The early pioneers of motion pictures found, after much experimentation, that the minimum refresh rate required for smooth animation is 15 pictures (or frames) per second (fps), so they adopted 16 fps as the refresh rate for their cameras and projectors. However, when movies began to show fast action (such as in westerns), the motion pictures industry decided to increased the refresh rate to 24 fps, a rate that is used to this day. At a certain point it was discovered that this rate can artificially be doubled, to 48 fps (which produces smoother animation), by projecting each frame twice. This is done by employing a double-blade rotating shutter in the movie projector. The shutter exposes a picture, covers it, and exposes it again, all in 1/24 of a second, thereby achieving an effective refresh rate of 48 fps. Modern movie projectors have very bright lamps and can even use a triple-blade shutter, for an effective refresh rate of 72 fps.
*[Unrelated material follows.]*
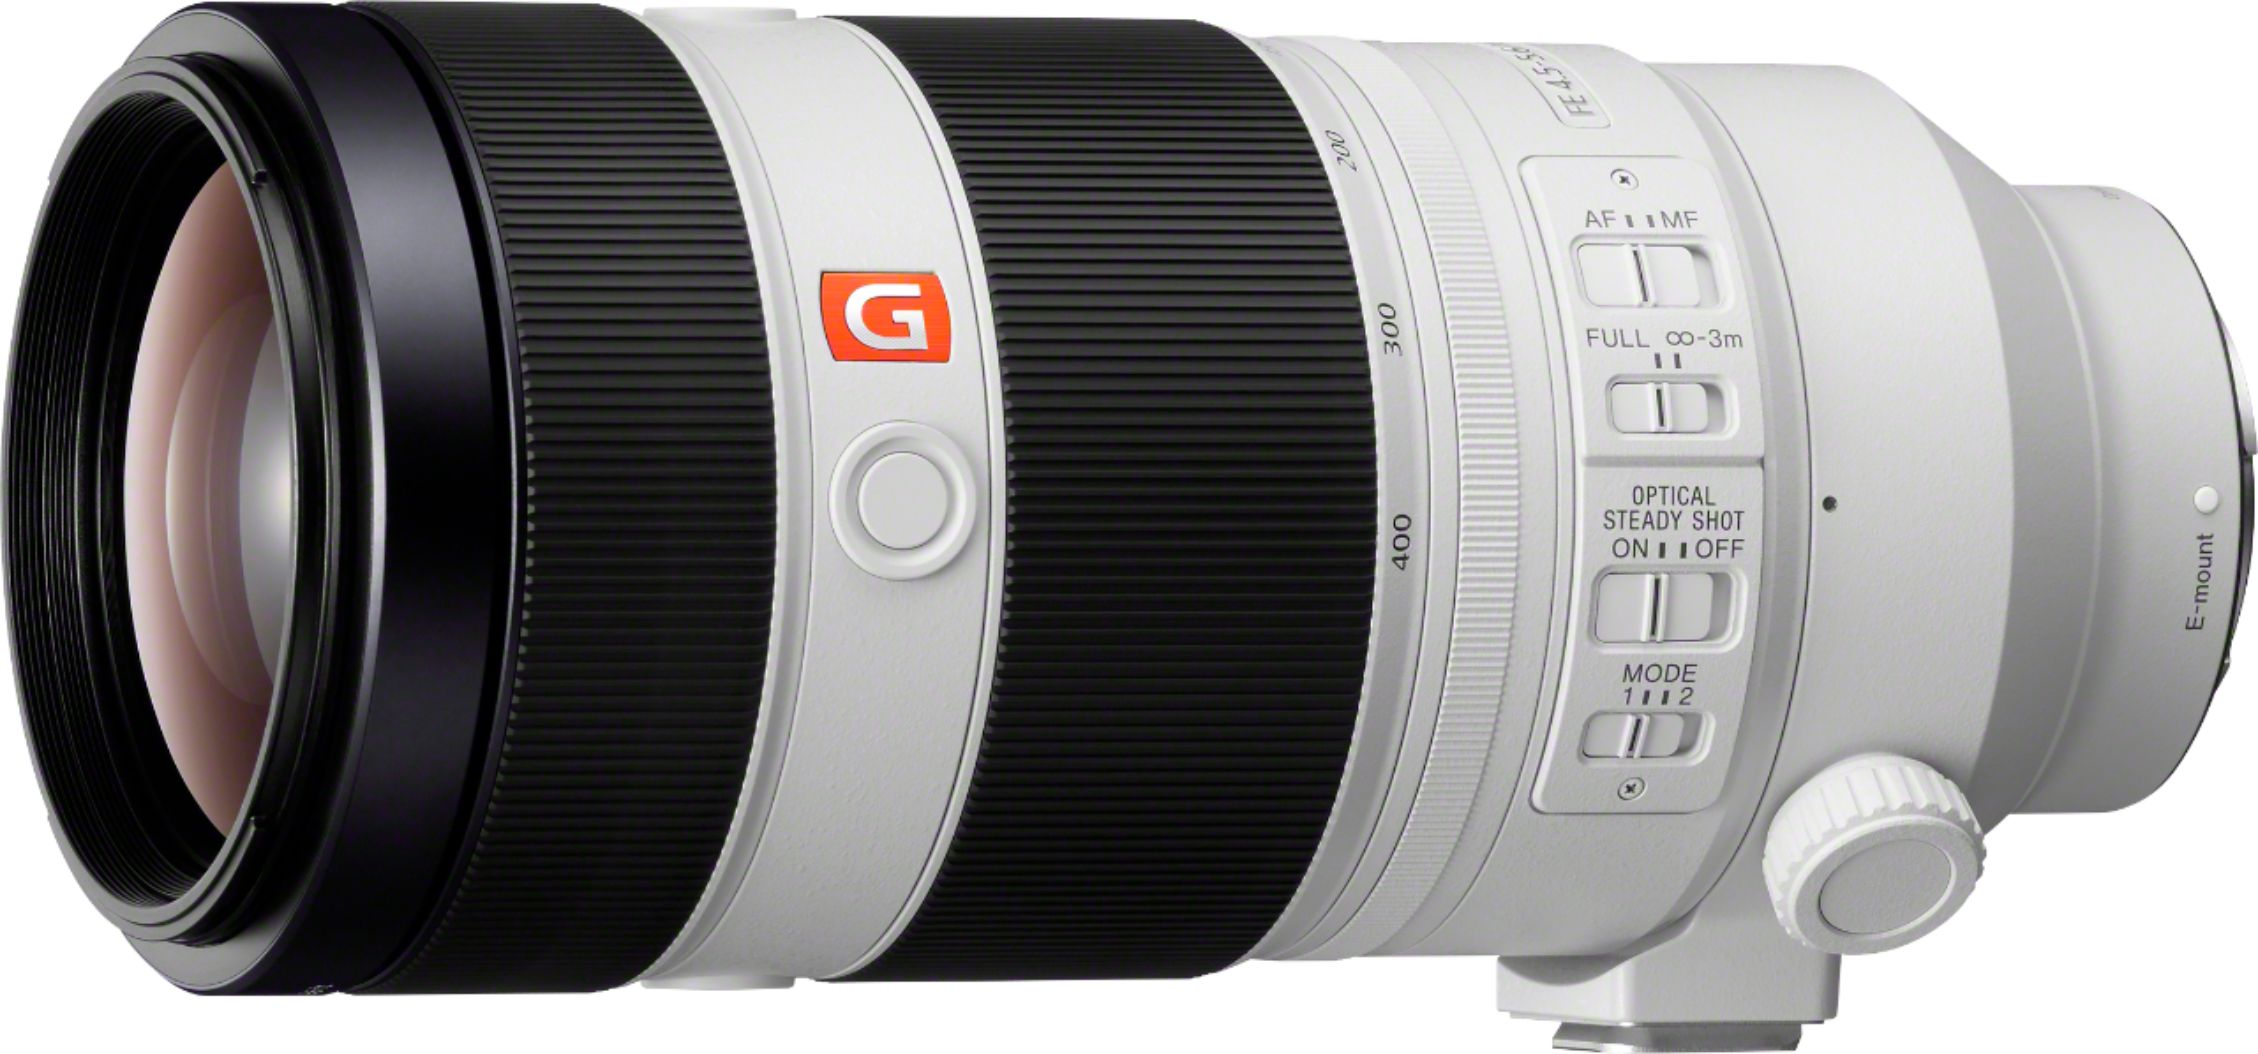 Angle View: Sony - FE 100-400mm f/4.5-5.6 GM OSS Super Telephoto Zoom Lens for E-mount Cameras - White

The frequency of electric current in Europe is 50 Hz, so television standards used there, such as PAL and SECAM, employ a refresh rate of 25 fps. This is convenient for transmitting a movie on television. The movie, which was filmed at 24 fps, is shown at 25 fps, an undetectable difference. The frequency of electric current in the United States is 60 Hz, so when television came, in the 1930s, it used a refresh rate of 30 fps. When color was added, in 1953, that rate was decreased by 1%, to 29.97 fps, because of the need for precise separation of the video and audio signal carriers. Because of interlacing, a complete television picture is made of two frames, so a refresh rate of 29.97 pictures per second requires a rate of 59.94 frames per second. It turns out that the refresh rate for television should be higher than the rate for movies. A movie is normally watched in darkness, whereas television is watched in a lighted room, and human vision is more sensitive to flicker under conditions of bright illumination. This is why 30 (or 29.97) fps is better than 25. The electron beam can be turned off and on very rapidly. It can also be deflected horizontally and vertically by two pairs (X and Y) of electrodes. Displaying a single point on the screen is done by turning the beam off, moving it to the part of the screen where the point should appear, and turning it on. This is done by special hardware in response to the analog signal received by the television set. The signal instructs the hardware to turn the beam off, move it to the top-left corner of the screen, turn it on, and sweep a horizontal line on the screen. While the beam is swept horizontally along the top scan line, the analog signal is used to adjust the beam’s intensity according to the image parts being displayed. At the end of the first scan line, the signal instructs the television hardware to turn the beam off, move it back and slightly down, to the start of the third (not the second) scan line, turn it on, and sweep that line. Moving the beam to the start of the next scan line is known as a retrace. The time it takes to retrace is the horizontal blanking time.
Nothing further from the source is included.